→ **Problem details**: Begin with the line that holds "The pink building" and retype through the last line of the listing below, exactly; pictures are not part of the copy.

→ **Data extract**:
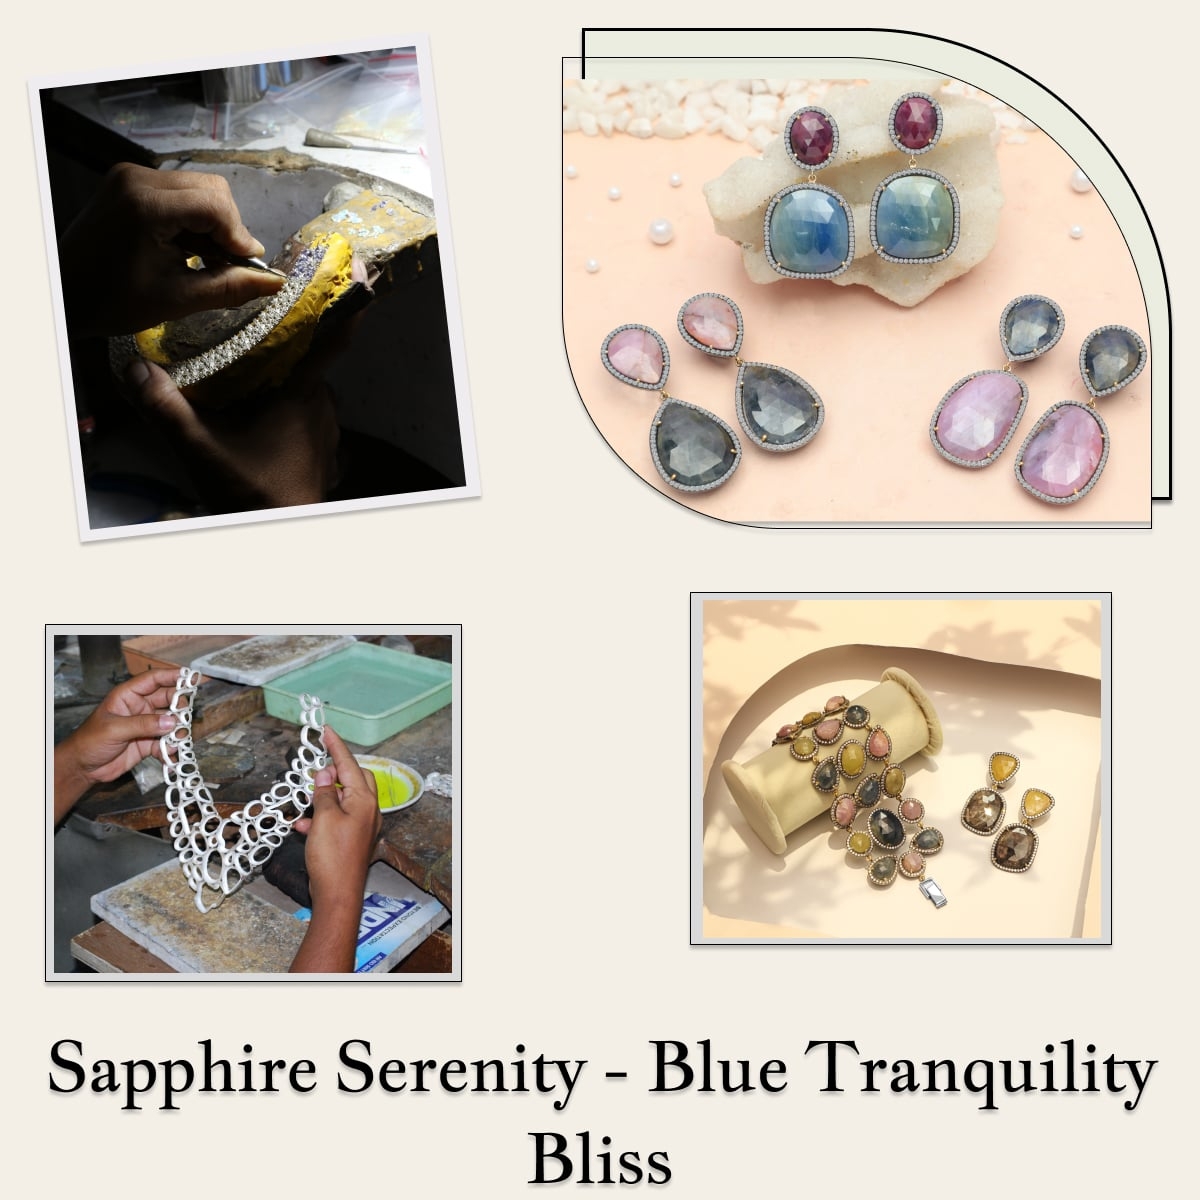 Sapphire Blues for Tranquillity
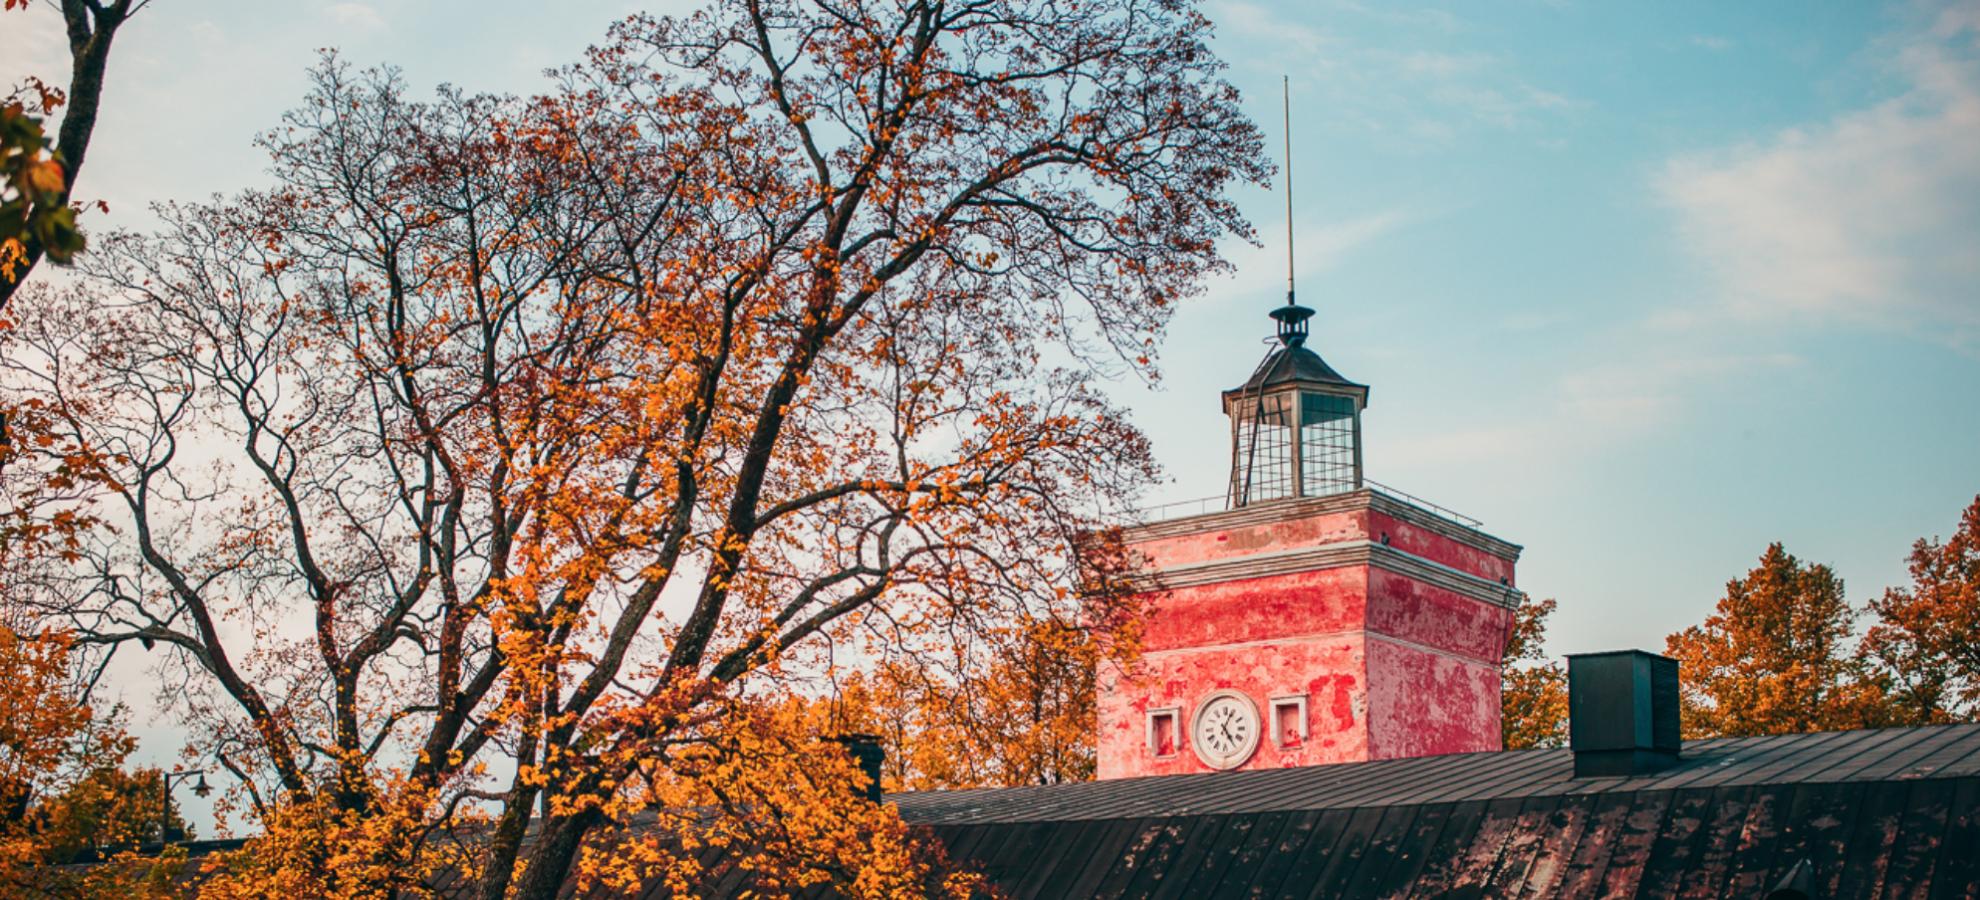 The pink building of the Jetty Barracks Gallery on Suomenlinna stands behind a pair of tall trees losing their golden leaves on a clear autumn's day.
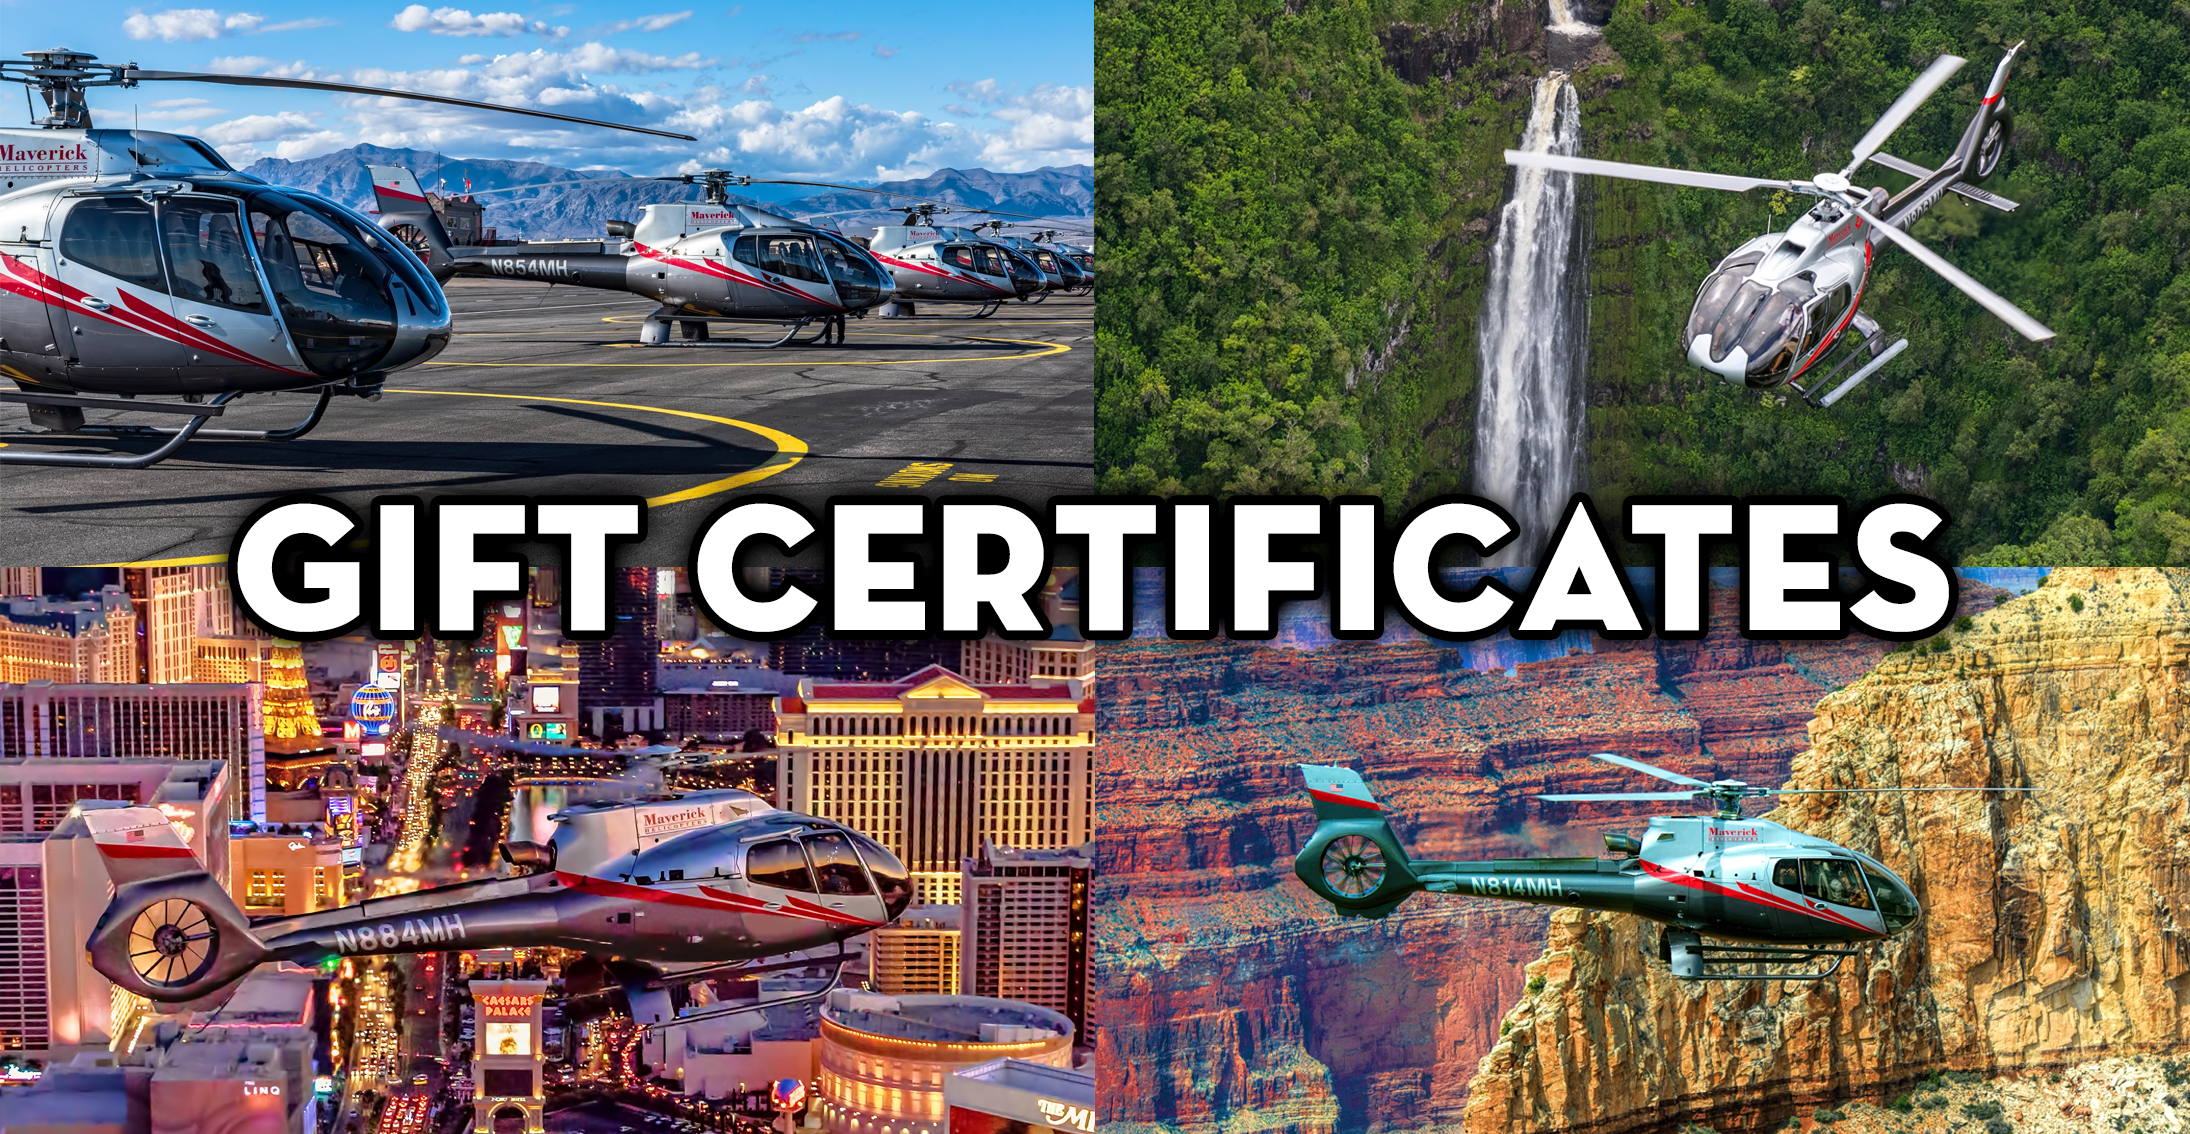 Gift cards for a Grand Canyon, Maui or Las Vegas helicopter tour

→ **Solution for this exercise**:
 The pink building of the Jetty Barracks Gallery on Suomenlinna stands behind a pair of tall trees losing their golden leaves on a clear autumn's day.
 Gift cards for a Grand Canyon, Maui or Las Vegas helicopter tour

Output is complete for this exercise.